LLMInference¶
LLMInference is a step that performs direct language model inference, sending prompts to AI models and capturing their responses. It provides the core interface for integrating large language models into QType workflows, supporting both simple text generation and complex conversational interactions.
LLMInference steps can maintain conversation context through memory, apply system prompts for role-setting, and process inputs/outputs concurrently when configured.
Key Principles¶
Explicit Variable Declaration¶
All inputs and outputs must be declared in the flow's variables section and referenced by ID:
flows:
- type: Flow
id: my_flow
variables:
- id: user_prompt
type: text
- id: ai_response
type: text
steps:
- type: LLMInference
id: llm_step
model: gpt4
inputs:
- user_prompt # References declared variable
outputs:
- ai_response
Model Reference by ID¶
The model field references a model by its ID (as a string):
models:
- type: Model
id: gpt4
provider: openai
flows:
- steps:
- type: LLMInference
model: gpt4 # String reference to model ID
Rules and Behaviors¶
- Required Model: The
modelfield is mandatory and must reference a model ID defined in the application. - Required Variables: All inputs and outputs must be declared in the flow's
variablessection. - Memory Integration: Can optionally reference a Memory object by ID to maintain conversation history and context.

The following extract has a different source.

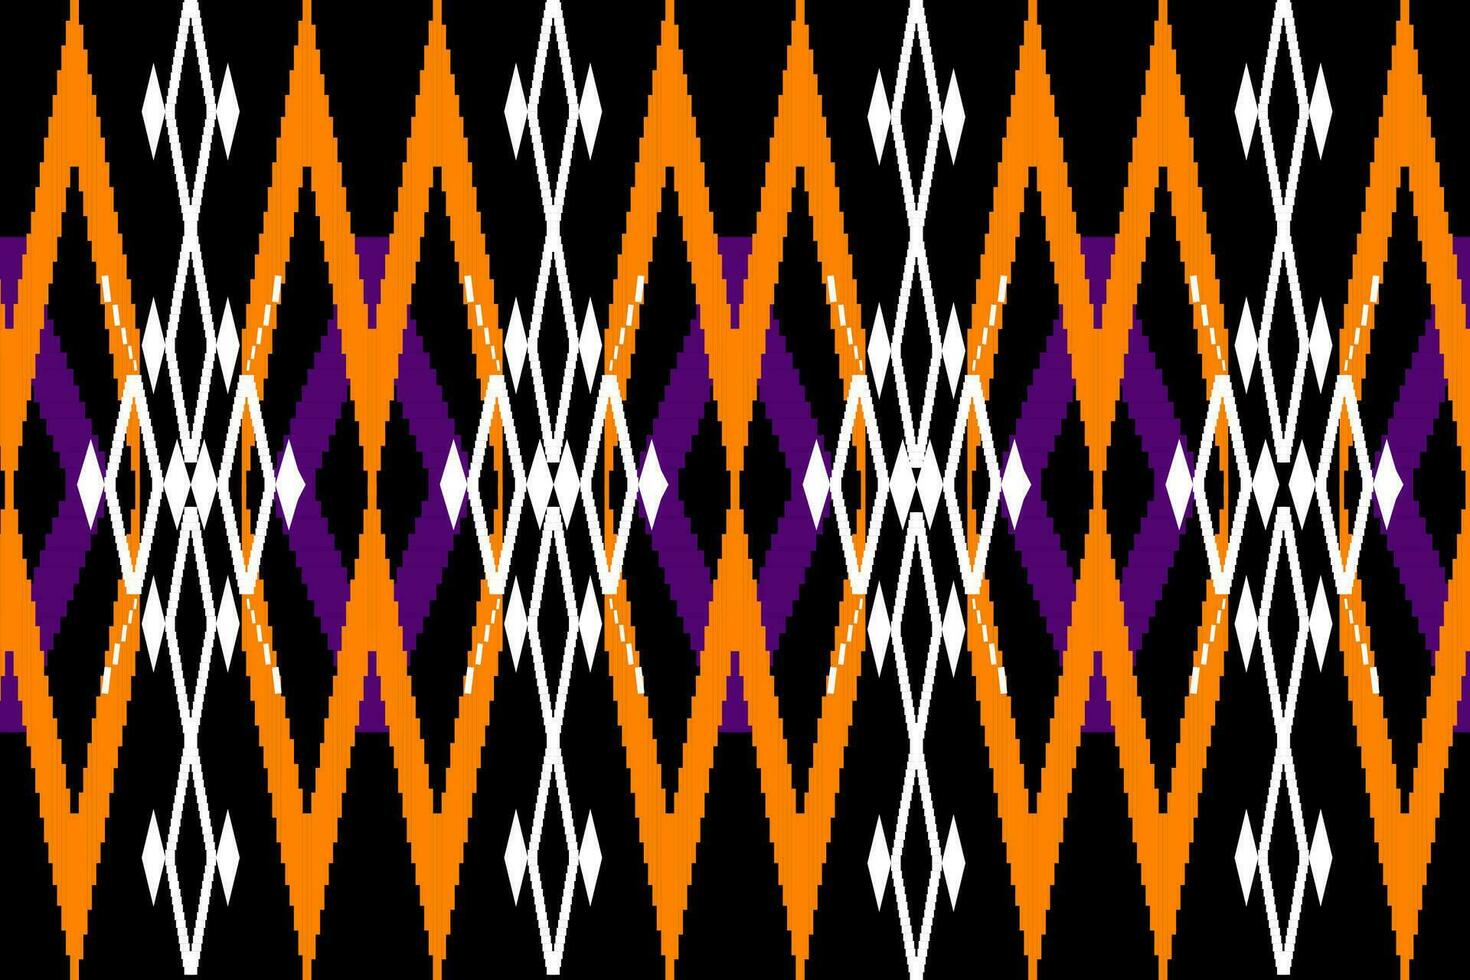 ikat vektor etnisk sömlös mönster design. ikat aztec tyg matta ornament textil- dekorationer tapet. stam- boho inföding etnisk Kalkon traditionell broderi vektor bakgrund

- System Message: Optional
system_messagefield sets the AI's role and behavior context. - Concurrency Support: Supports
concurrency_configfor processing multiple inputs concurrently.
LLMInference¶
Defines a step that performs inference using a language model. It can take input variables and produce output variables based on the model's response.
- type (
Literal): (No documentation available.) - memory (
Reference[Memory] | str | None): A reference to a Memory object to retain context across interactions. - model (
Reference[Model] | str): The model to use for inference. - system_message (
str | None): Optional system message to set the context for the model.
Related Concepts¶
LLMInference steps require Model configurations, may use Memory for context retention, often consume output from PromptTemplate steps, and are extended by Agent steps for tool-enabled interactions.